- Education: Penn State University
- Scientific career
- Fields: Health information technology
- Workplaces: Johns Hopkins Hospital

= Margo Edmunds =

American health policy researcher

Margo Edmunds is an American health policy researcher, strategy consultant, educator, and writer who began her clinical career in disease management at Johns Hopkins Hospital. Her recent work has focused on the use of health information technology in healthcare reform and public health, including co-authoring Toward Health Information Liquidity, a Booz Allen Hamilton white paper that explores the challenges and opportunities for electronic health information systems.

Formerly Vice President with The Lewin Group, Edmunds has held senior positions at the University of California, San Francisco; Institute of Medicine (IOM) of the National Academies; Children's Defense Fund (CDF); and American Institutes for Research. At the IOM, she directed studies on health insurance and access to care and provided testimony on children's coverage to the U.S. Senate Finance Committee and the National Association of Insurance Commissioners.
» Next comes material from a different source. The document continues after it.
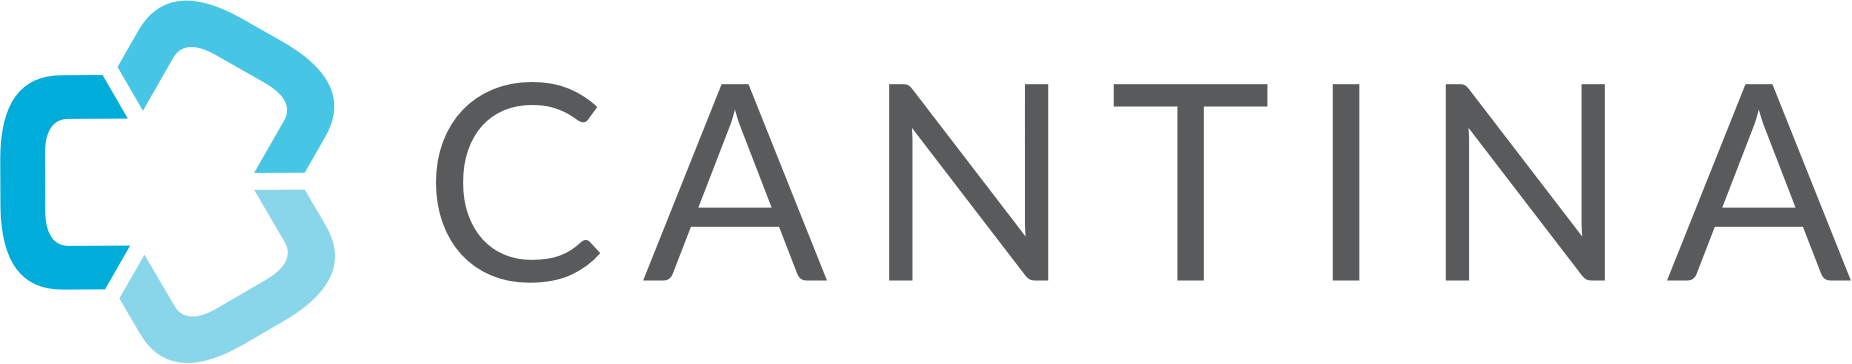 Cantina logo

In 2000, she and her team at CDF released All Over the Map, a report on progress implementing the State Children's Health Insurance Program. The report was used as a briefing and reference document for members of Congress and the Gore presidential campaign, and was widely covered by the media, including The New York Times.

In 2000, she co-founded MediaVision USA, a strategic communications firm. She co-teaches a course on Emergency and Risk Communication. She and her MediaVision partner, Charles Fulwood, collaborated on an online multimedia course on emergency preparedness communications for the Johns Hopkins Center for Public Health Preparedness, as well as a primer for health professionals on strategic communications. and also made several presentations at state, regional, and national conferences on public health preparedness. From 1999 to 2006, Edmunds was a member of the teaching faculty at the Johns Hopkins Bloomberg School of Public Health, where she introduced strategic communications and informatics to policy analysis and public health practice.

Edmunds received a Ph.D. in human development at The Pennsylvania State University, where she studied systems theory, policy analysis, and clinical psychology. She completed clinical training at the Behavioral Medicine and Biofeedback Clinic at the Johns Hopkins School of Medicine and is a Fellow and former member of the Board of Directors of the Society of Behavioral Medicine. She chaired the Health IT Interest Group for AcademyHealth from 2007 to June 2010. She is also a member of the Public Policy Committee and the Public Health Informatics Workgroup of the American Medical Informatics Association.